Early detection and characterization are considered to be critical factors in the management
and control of chronic kidney disease. Herein, use of efficient data mining techniques is shown
to reveal and extract hidden information from clinical and laboratory patient data, which can
be helpful to assist physicians in maximizing accuracy for identification of disease
severity stage. The results of applying Probabilistic Neural Networks (PNN), Multilayer
Perceptron (MLP), Support Vector Machine (SVM) and Radial Basis Function (RBF)

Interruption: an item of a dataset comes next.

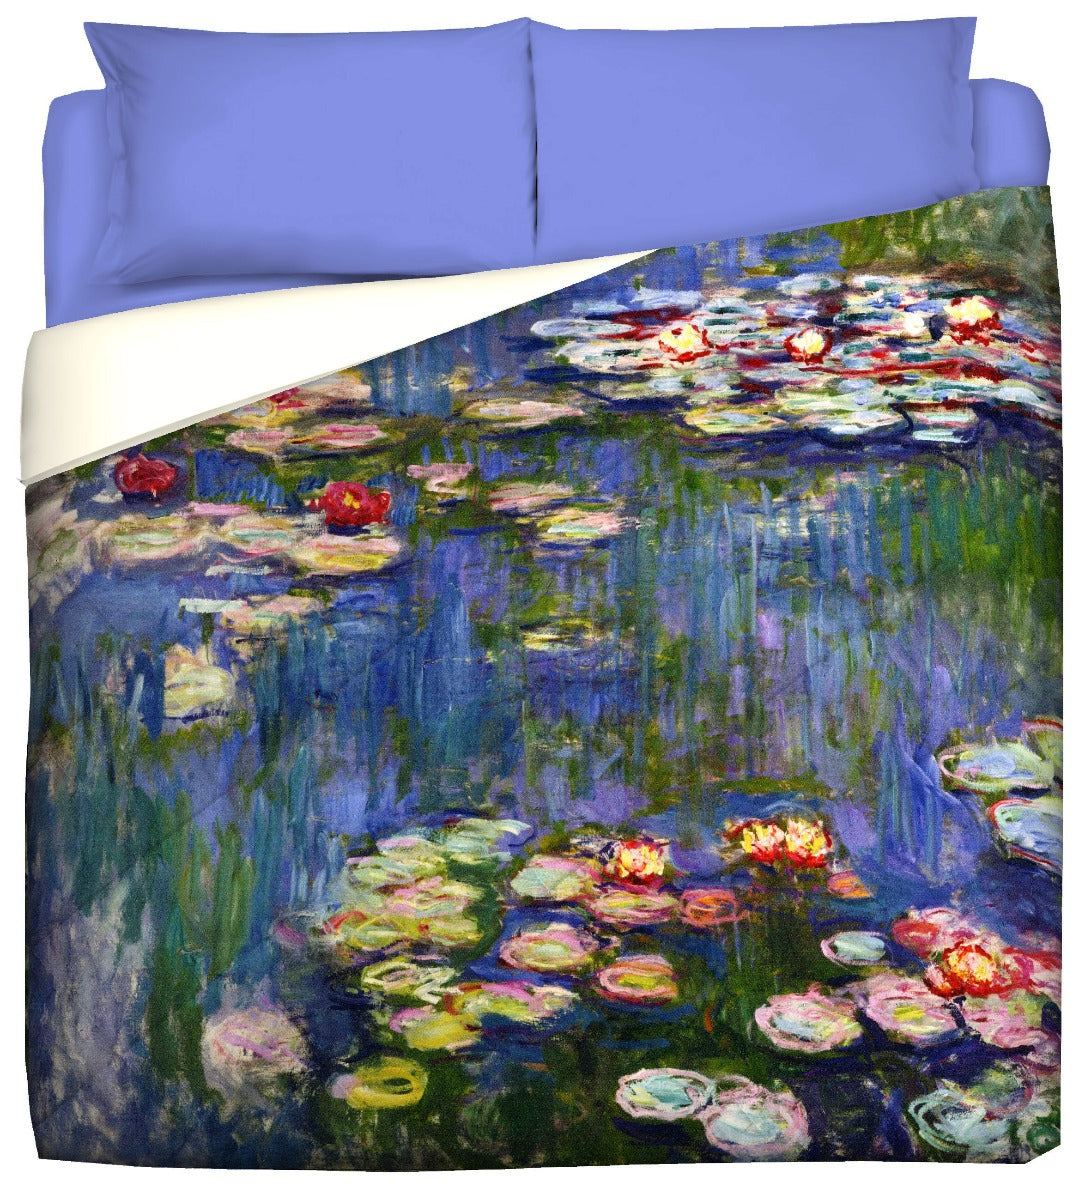 Winter Quilt - Water Lilies - Monet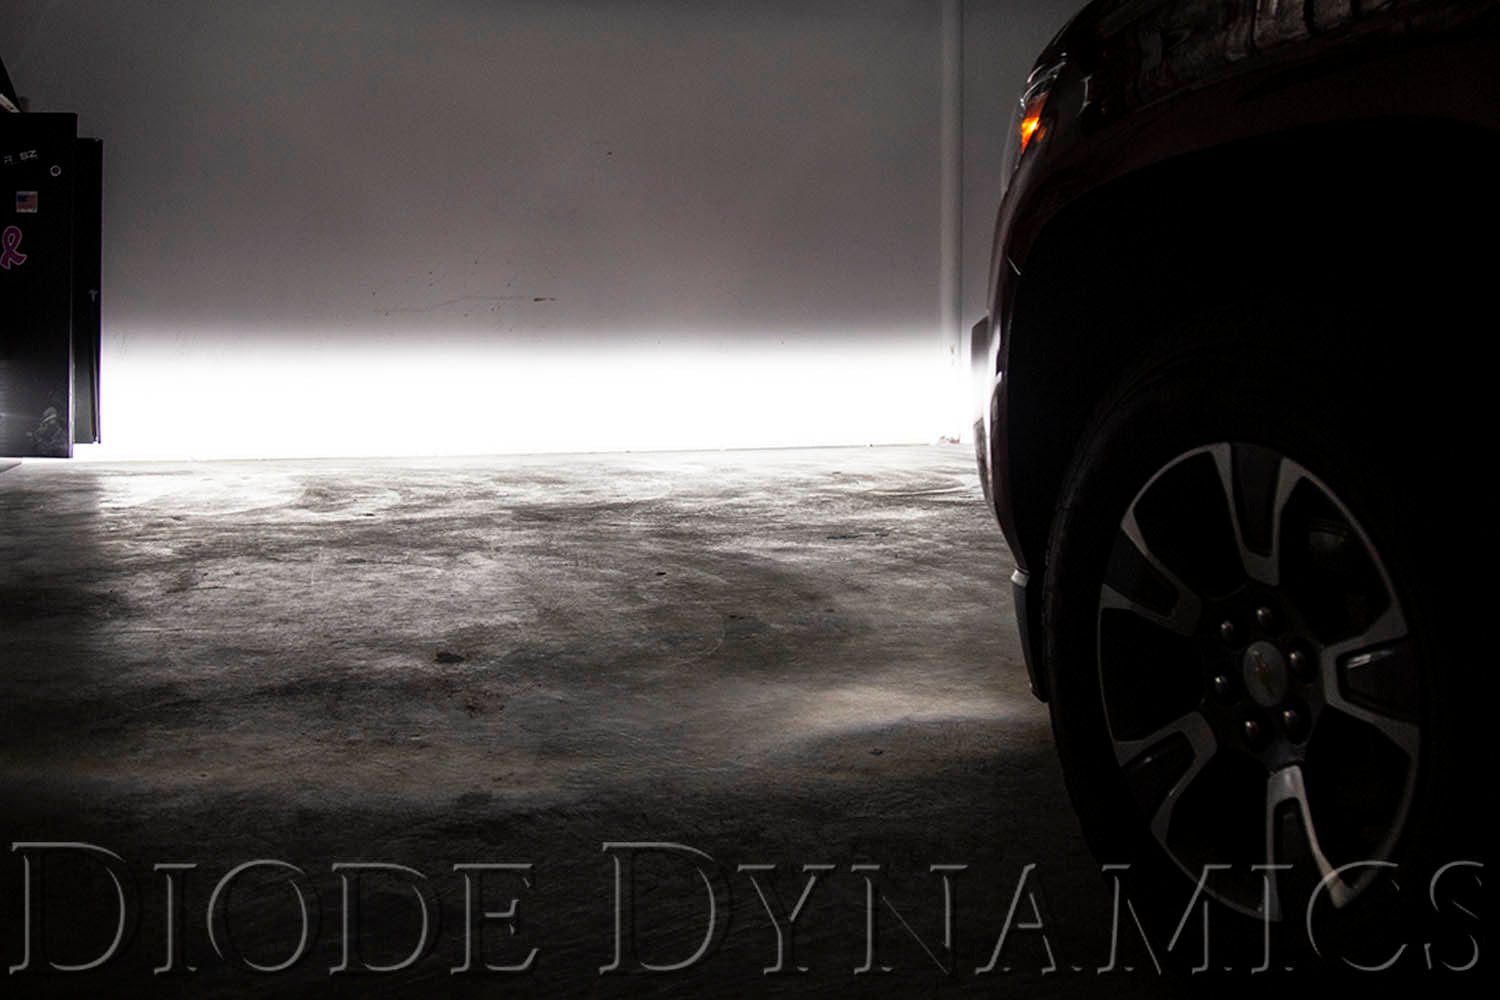 SS3 LED Fog Light Kit for 2007-2014 Chevrolet Suburban White SAE Fog Sport w/ Backlight Diode Dynamics

algorithms have been compared, and our findings show that the PNN algorithm provides better
3
classification and prediction performance for determining severity stage in chronic kidney
disease.
Data mining has been a current trend for attaining diagnostic results. Huge amount of unmined
data is collected by the healthcare industry in order to discover hidden information for effective
diagnosis and decision making. Data mining is the process of extracting hidden information
from massive dataset, categorizing valid and unique patterns in data. There are many data
mining techniques like clustering, classification, association analysis, regression etc. The
objective of our paper is to predict Chronic Kidney Disease(CKD) using classification
techniques like Naive Bayes and Artificial Neural Network(ANN). The experimental results
implemented in RapidMiner tool show that Naive Bayes produce more accurate results than
Artificial Neural Network.
4
3. SYSTEM ANALYSIS
Existing System:
Cosmology and machine learning for chronic kidney disease as a complex versatile WEKA
tool. Ontology and machine learning are the techniques that have been utilized in existing
methodology. Therefore, it shows a chronic kidney disease to help instrument for taking care
of mistakes in the and helps clinicians adequately recognize intense kidney torment patients
from those with different reasons for kidney torments. Another machine learning procedure is
coronary artery disease method called N2 Genetic optimizer agent (another hereditary
preparing) has been presented in this methodology. These outcomes are aggressive and
practically identical to the best outcomes in the field.
Proposed System:
I worked on chronic kidney disease dataset obtained from UCI (University of California at
Irvine) repository, the data set contained attributes such as age, Blood pressure, specific gravity,
albumin, sugar, red blood cells, pus cell, pus cell clumps, bacteria, blood glucose random, blood
urea, serum creatinine, sodium, potassium, haemoglobin, packed cell volume, white blood cell
count, red blood cell count, hypertension, diabetes mellitus, coronary artery disease, appetite,
pedal edema, anemia and label. Blood u with 400 instances has taken. At first level, the dataset
is first cleansed and processed using preprocessing techniques like Data Integration, Data
transformation, Data reduction, and Data cleaning using pandas tool. The proposed framework
a total of 400 patient records were visualized. Data visualization techniques helps the data
scientist to understand the feasibility of the dataset.
5
Advantages of Proposed System:
• The accuracy of the classifiers was calculated using the confusion matrix.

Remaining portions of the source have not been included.